Comment 4 for bug 1429285

Revision history for this message
Scott Moser (smoser) wrote :

$ echo "now: $(TZ=GMT date)"; wget -S -q http://azure.archive.ubuntu.com/ubuntu/dists/vivid/Release -O /dev/null
now: Fri Apr 3 14:37:31 GMT 2015
  HTTP/1.1 200 OK
  Date: Fri, 03 Apr 2015 14:37:31 GMT
  Server: Apache/2.2.22 (Ubuntu)
  Last-Modified: Fri, 03 Apr 2015 14:28:00 GMT
  ETag: "34f32-512d2c15bbc00"
  Accept-Ranges: bytes
  Content-Length: 216882
  Cache-Control: max-age=1228, proxy-revalidate
  Expires: Fri, 03 Apr 2015 14:58:00 GMT
  Keep-Alive: timeout=5, max=100
  Connection: Keep-Alive

So the 'Expires' is most definitely in the future. This one is currently 21 minutes in the future.

I didn't say that the solutions I pointed to were complete, but the fact that people are attempting to solve the problem (and doing so incorrectly) should indicate a need for a good solution.

It would seem possible for apt to go through the sources.list (+sources.list.d/*) and figure out what it was going to download.
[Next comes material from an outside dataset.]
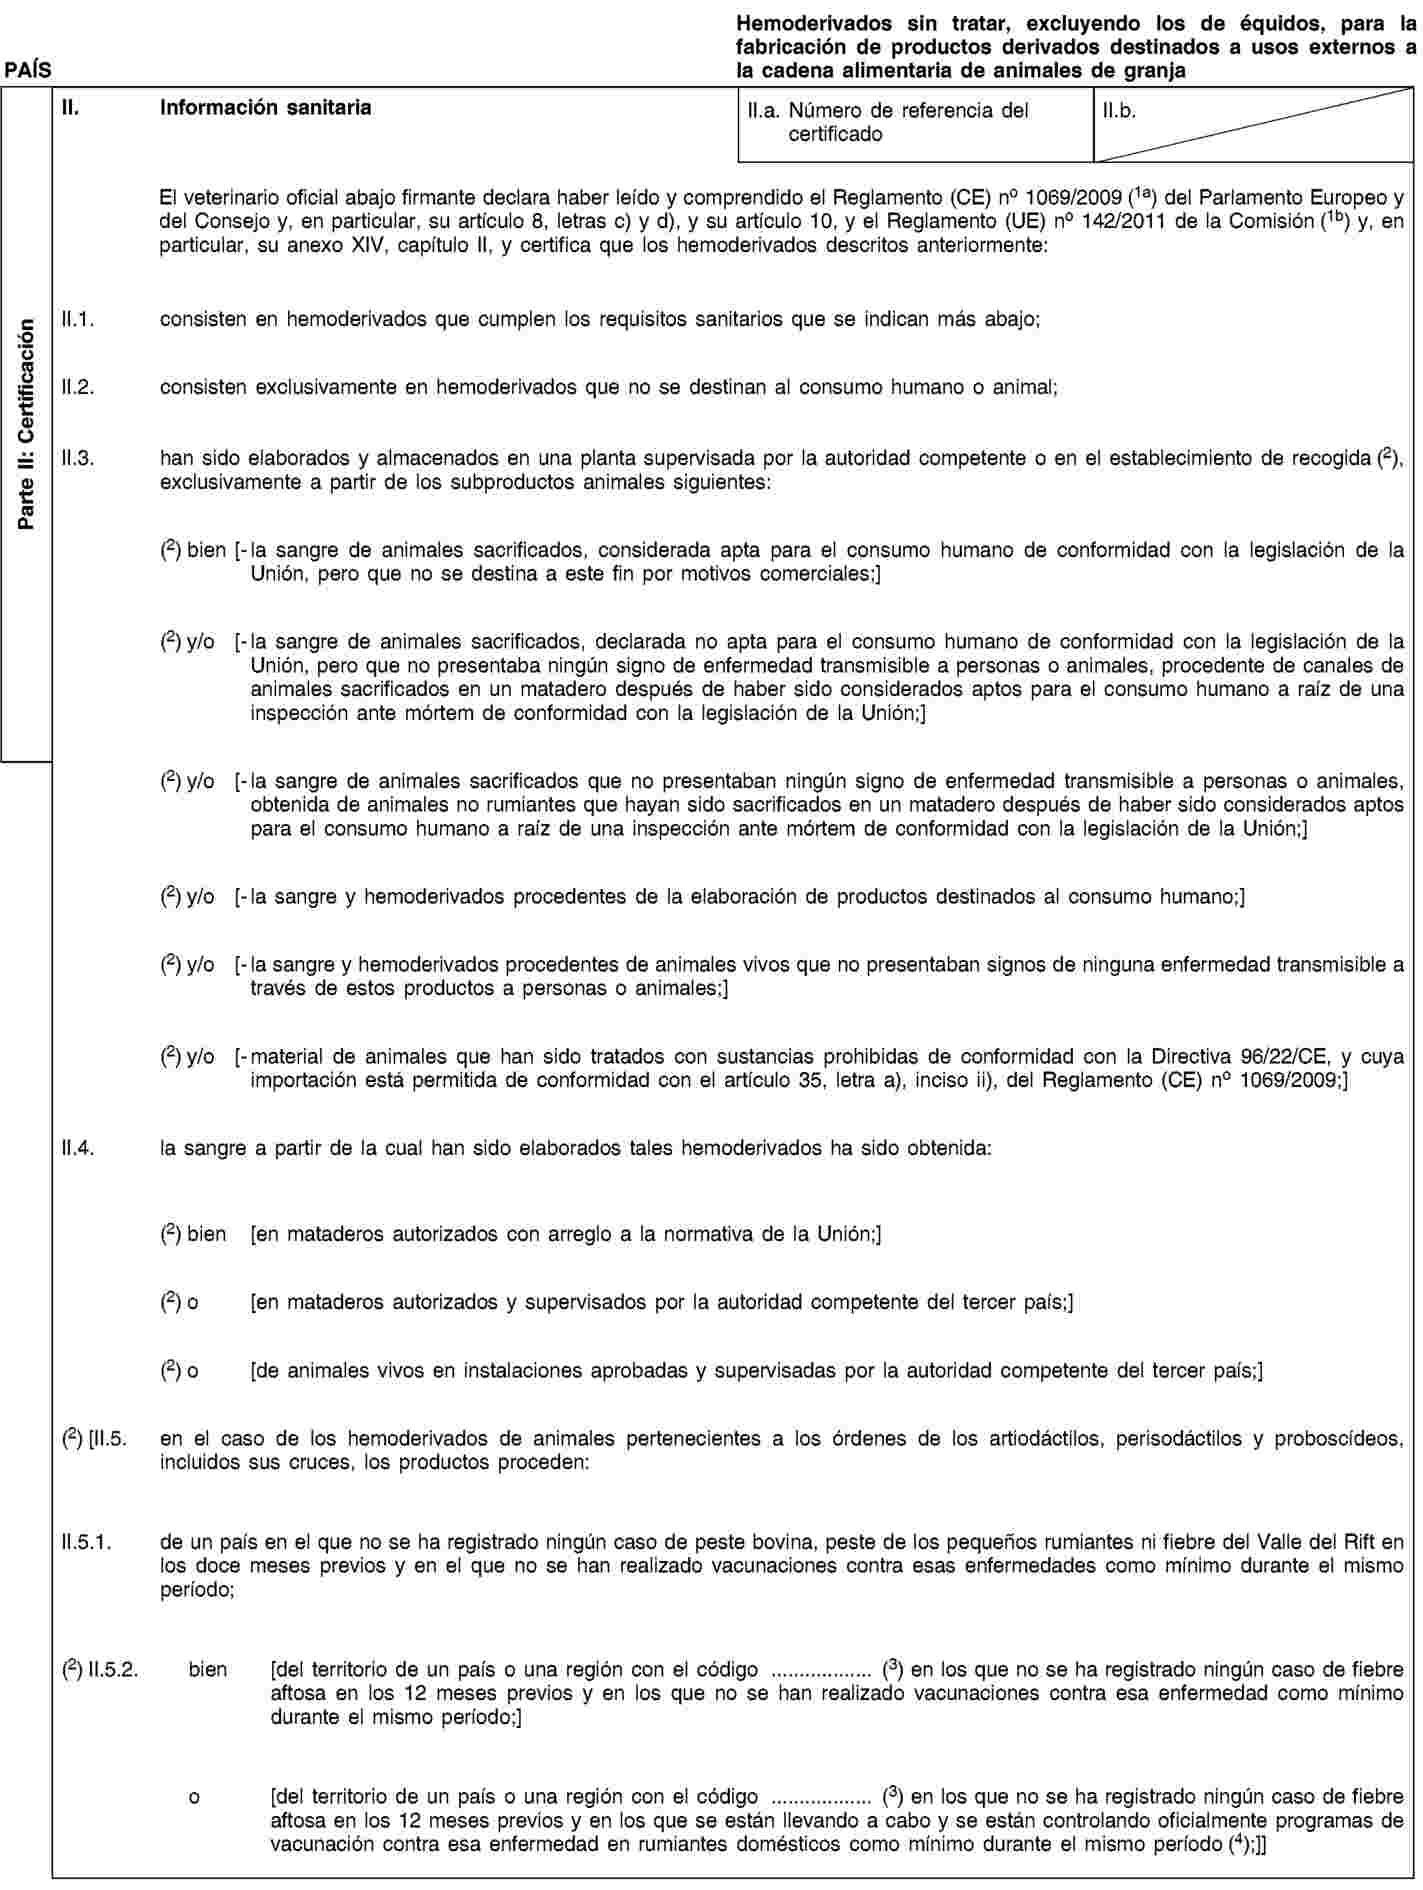 Imagen: https://eur-lex.europa.eu/resource.html?uri=uriserv:OJ.L_.2011.054.01.0001.01.SPA.xhtml.L_2011054ES.01016901.tif.jpg

It could decide based on previously stored headers or a global default "5 minutes" or a per-mirror default if it should bother. Of course it would make sense to have the ability to force.

running 'apt-get update' on a system does take real time. On a cloud instance with a on-network mirror:
% TIMEFORMAT='real=%3lR user=%3lU sys=%3lS' bash -c 'for i in $(seq 1 10); do printf "%-3s " $i ; time apt-get update -q >/dev/null; done'
1 real=0m3.987s user=0m3.628s sys=0m0.244s
2 real=0m4.052s user=0m3.688s sys=0m0.220s
3 real=0m3.980s user=0m3.656s sys=0m0.204s
4 real=0m4.077s user=0m3.676s sys=0m0.272s
5 real=0m4.068s user=0m3.732s sys=0m0.228s
6 real=0m4.052s user=0m3.688s sys=0m0.236s
7 real=0m4.201s user=0m3.812s sys=0m0.248s
8 real=0m4.247s user=0m3.852s sys=0m0.252s
9 real=0m4.059s user=0m3.688s sys=0m0.256s
10 real=0m4.064s user=0m3.680s sys=0m0.252s

It just seems reasonable to me, that operations 2->10 could take .002 seconds.